### Dataset extract
++++

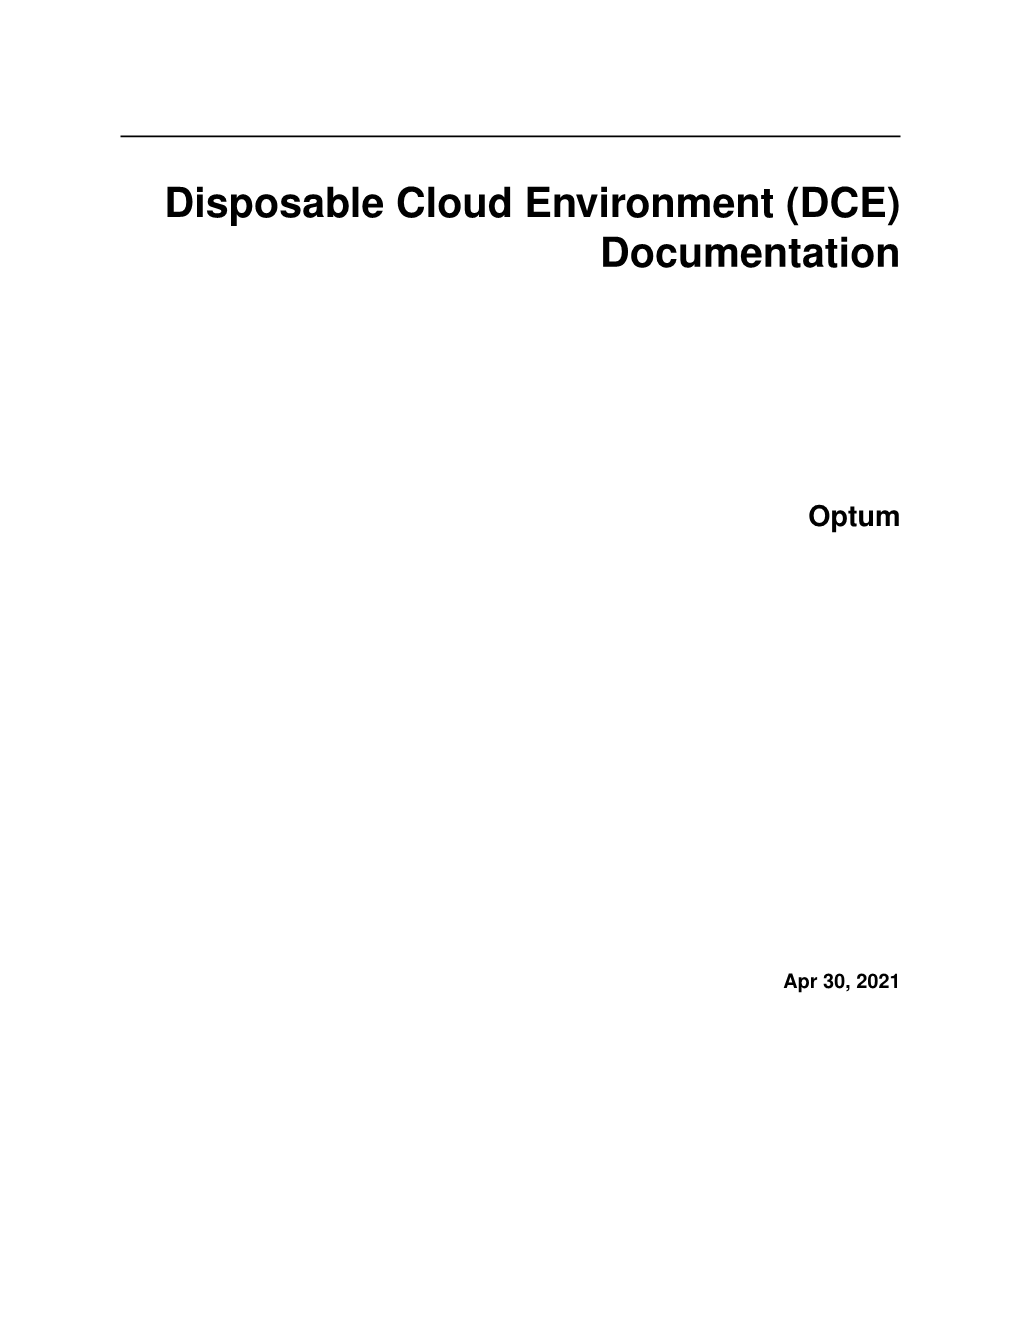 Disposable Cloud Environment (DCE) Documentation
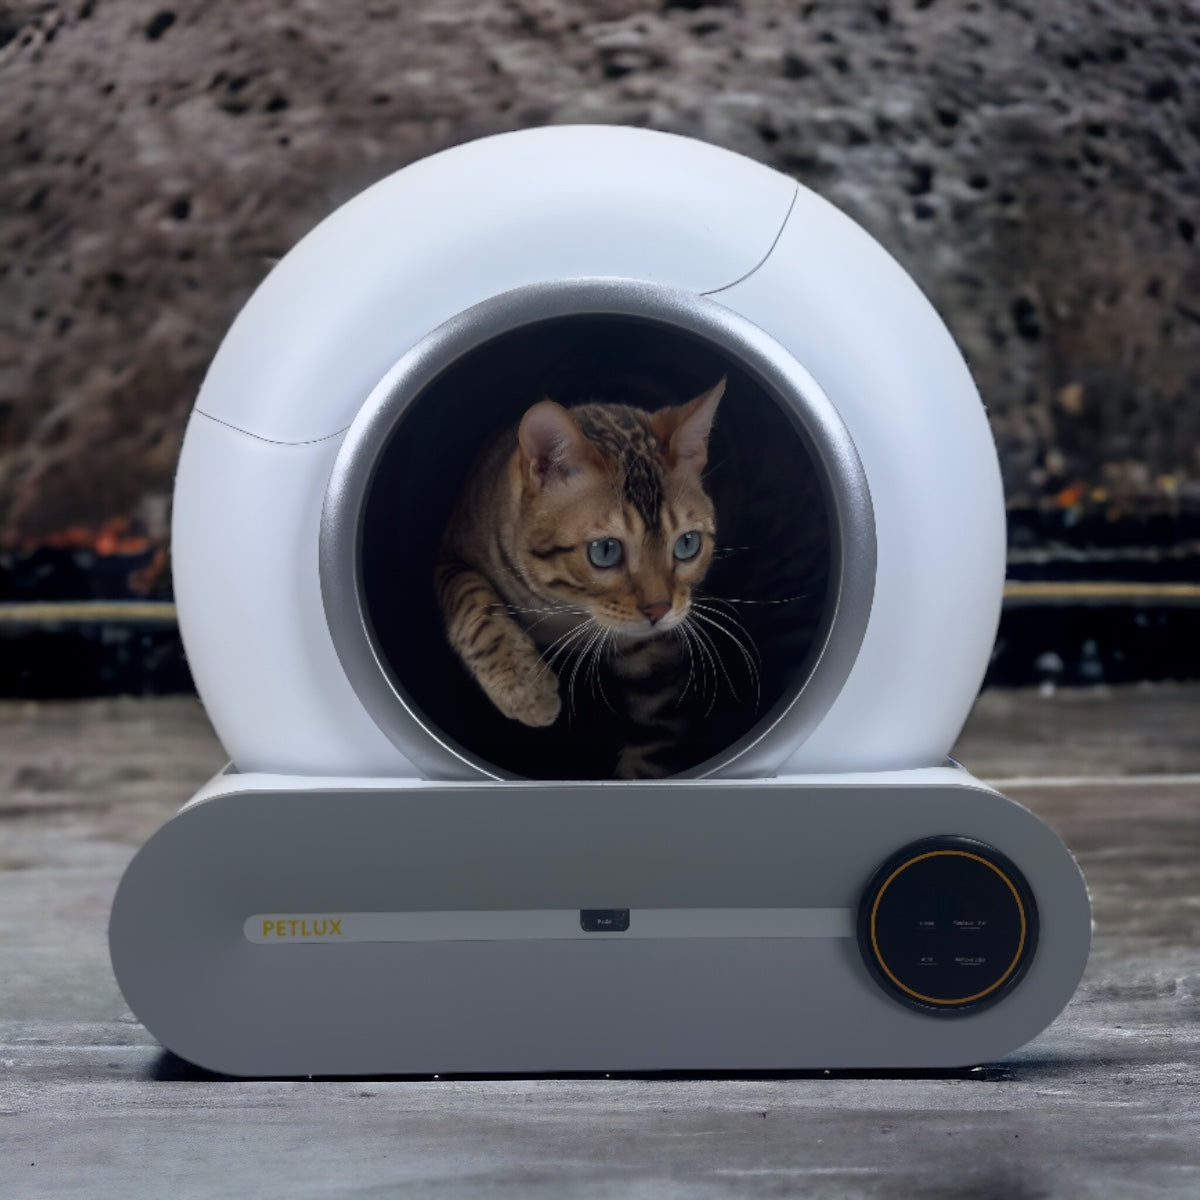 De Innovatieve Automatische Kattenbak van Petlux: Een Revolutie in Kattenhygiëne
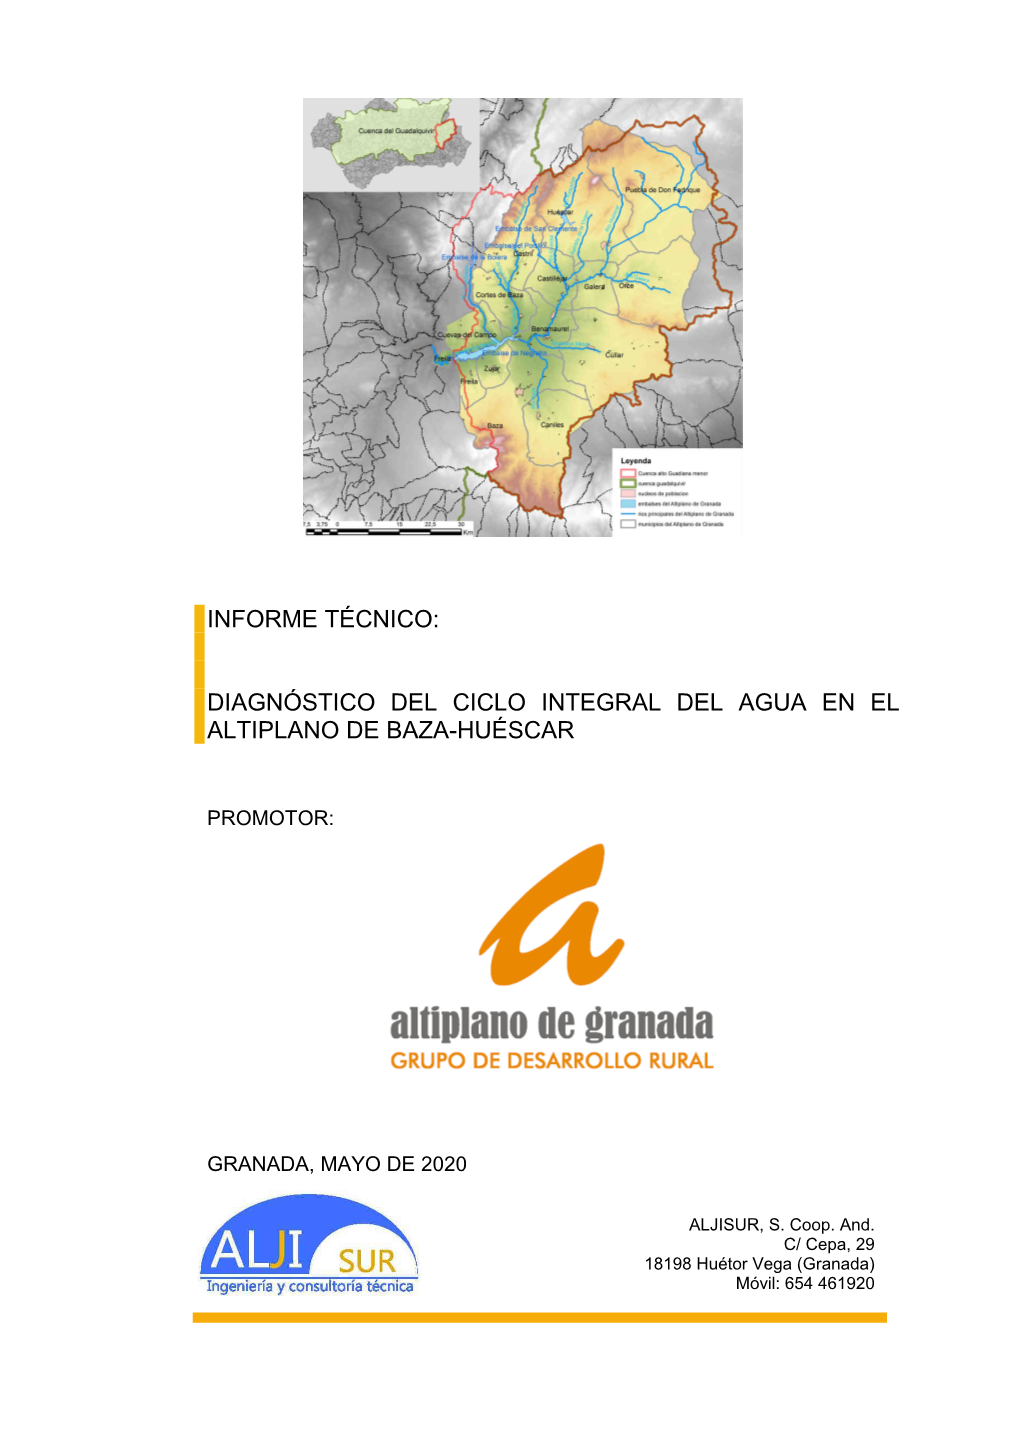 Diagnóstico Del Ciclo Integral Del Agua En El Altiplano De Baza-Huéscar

++++

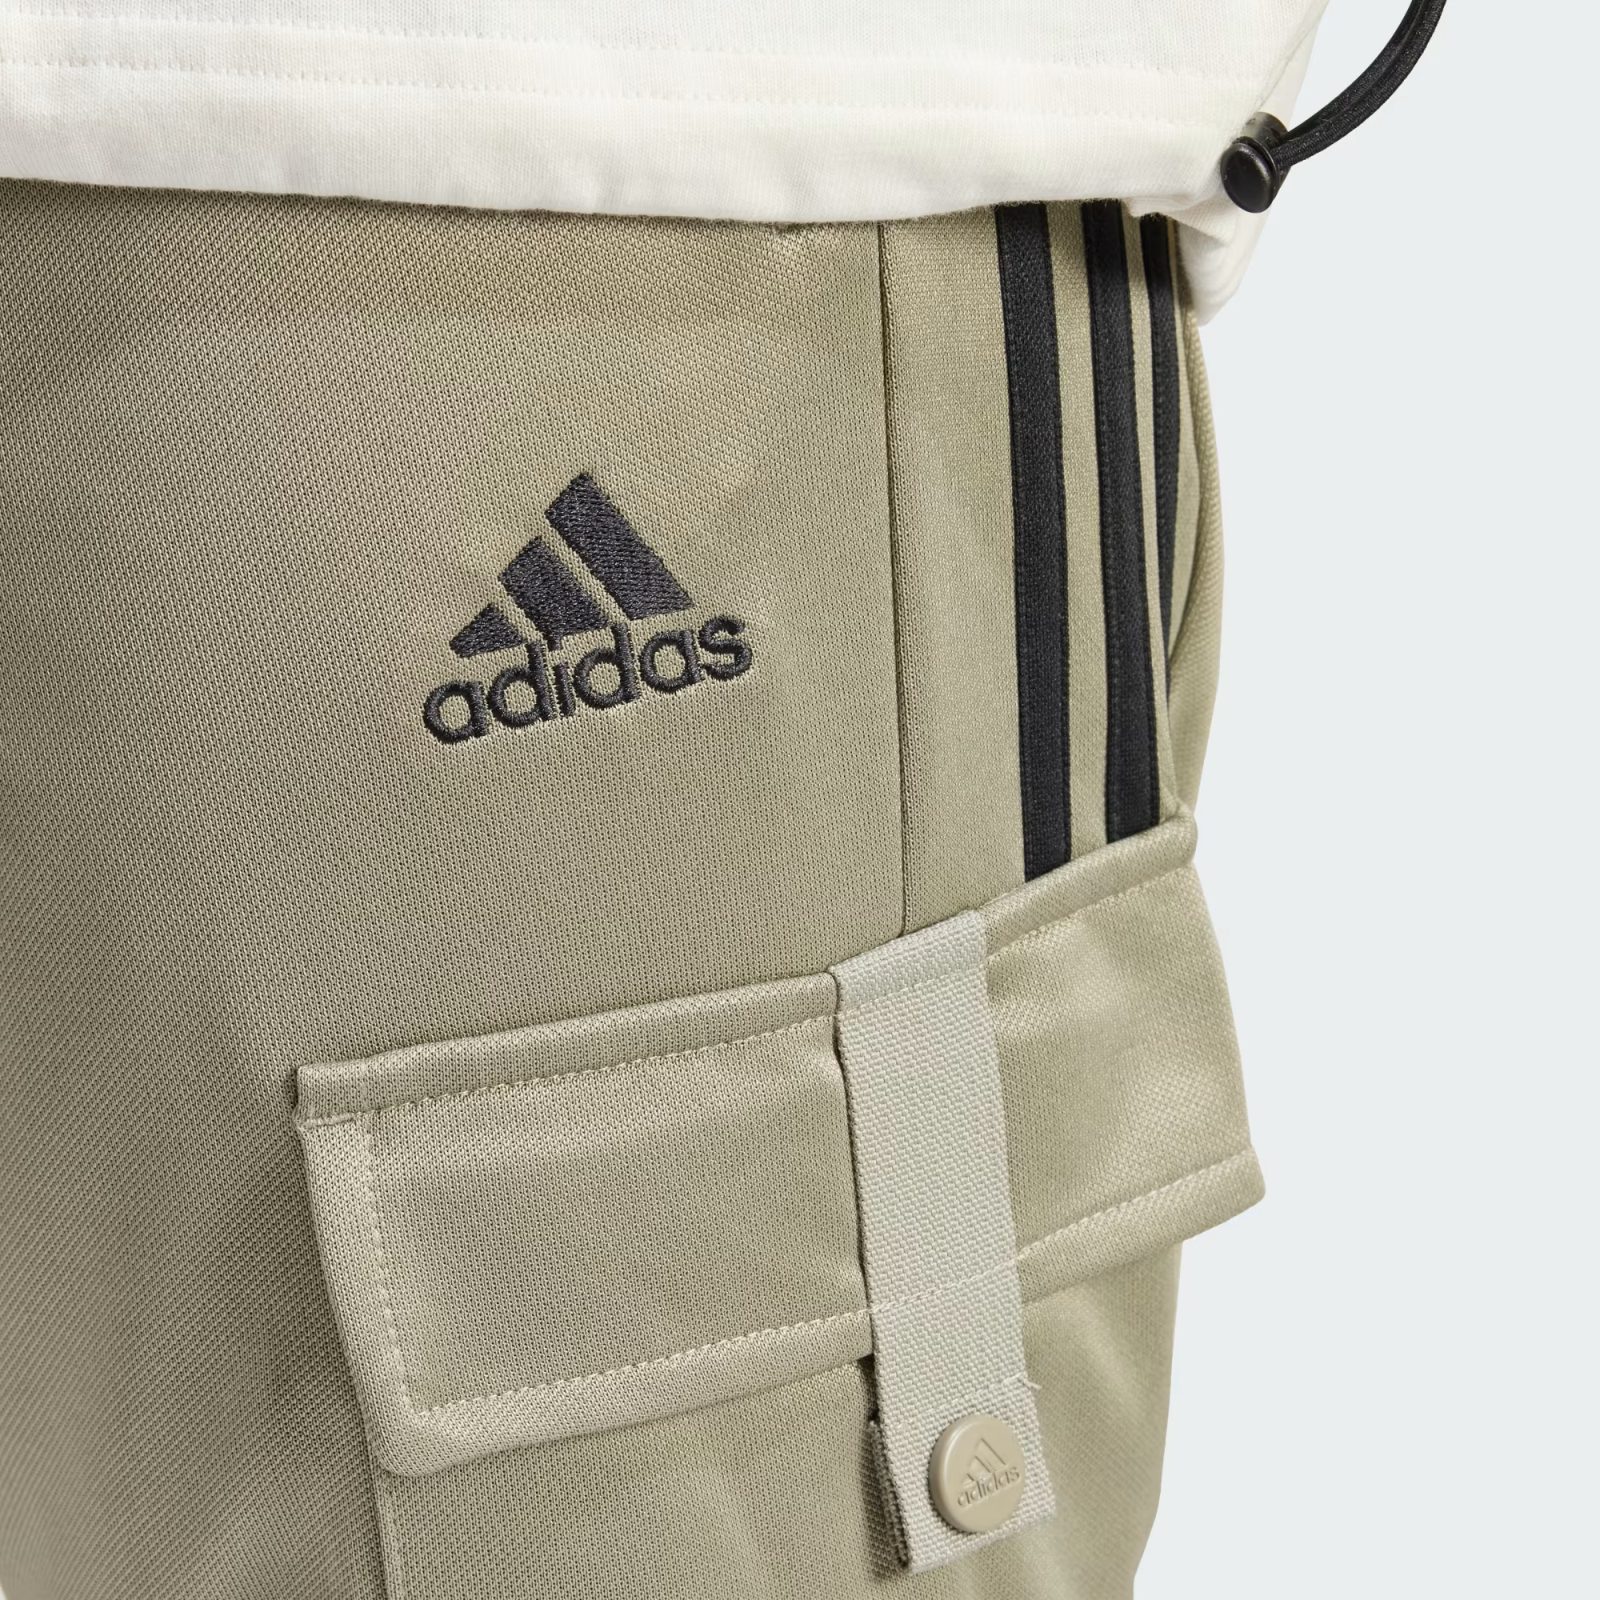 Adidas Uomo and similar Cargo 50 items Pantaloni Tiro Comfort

++++

### The task
Look above for the line with "Disposable Cloud Environment"; quote it and every line after it, stopping after the line with "Diagnóstico Del Ciclo", exactly, with nothing added and without pictures.

### Exercise answer
 Disposable Cloud Environment (DCE) Documentation
 De Innovatieve Automatische Kattenbak van Petlux: Een Revolutie in Kattenhygiëne
 Diagnóstico Del Ciclo Integral Del Agua En El Altiplano De Baza-Huéscar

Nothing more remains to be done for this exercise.